Open cbizon opened 3 years ago
This is true for many other types as well.
We completed a lot of identifier mappings prior to the adoption of standards by Translator. My understanding was that 'extra' prefixes weren't an issue?
Many of the ones in the list I posted are clearly wrong either in formatting or type.
I am unsure whether it's legal to provide extras but if there is a reason that these are legal prefixes then they should be added to the model so that others know they are valid. Otherwise nobody will call you using them.
Get Outlook for Androidhttps://aka.ms/AAb9ysg
From: karafecho @.> Sent: Monday, June 14, 2021 10:32:06 AM To: NCATS-Tangerine/icees-api @.> Cc: Bizon, Christopher A @.>; Author @.> Subject: Re: [NCATS-Tangerine/icees-api] Illegal prefixes in /meta_knowledge_graph (#125)
We completed a lot of identifier mappings prior to the adoption of standards by Translator. My understanding was that 'extra' prefixes weren't an issue?
— You are receiving this because you authored the thread. Reply to this email directly, view it on GitHubhttps://github.com/NCATS-Tangerine/icees-api/issues/125#issuecomment-860732812, or unsubscribehttps://github.com/notifications/unsubscribe-auth/ACR7EHVVNBCJUCUXRBGAIADTSYHGNANCNFSM46S6YBDA.
@patrickkwang is the key here valid? "biolink:Disease, DiseaseOrPhenotypicFeature"
?
@cbizon No, the key is bad.
Would the code in plater for creating /meta_knowledge_graph be helpful?
we have fixed some of the typo. still need to check if all identifiers are accepted by trapi now.
There's still a lot of things that I'm sure won't validate. You can use the biolink model toolkit (or bl-lookup service) to easily find out what the allowed prefixes for a given concept are.
It might also make sense to validate annotation curies.

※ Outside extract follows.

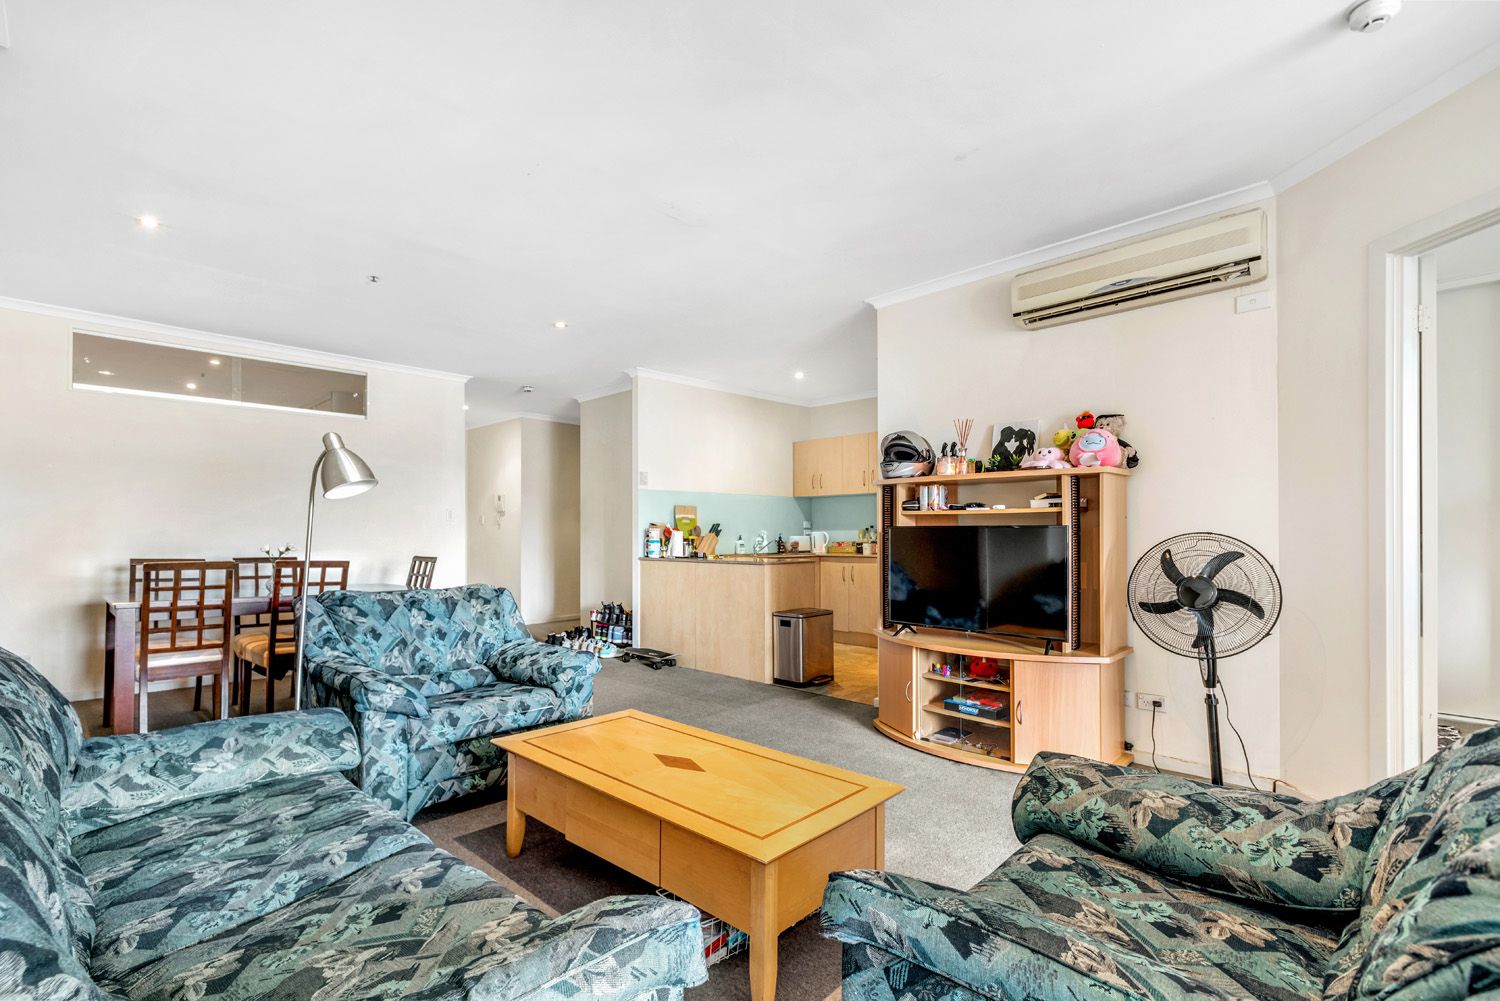 194/65 King William Street (Tower Apartments), Adelaide SA 5000, Image 1

It seems as though there are annotations that lack a ":" and are ending up creating new prefixes like "PUBCHEM123124". That's my guess anyway.
Also, just to be clear, problems with meta_knowledge_graph are currently preventing strider from getting information from ICEES.
Take the query Asthma -[correlated with]-> chemical.
Right now, strider returns no ICEES results, and it will not until this is fixed.
The problem is not only the prefixes, but their order, which is meaningful.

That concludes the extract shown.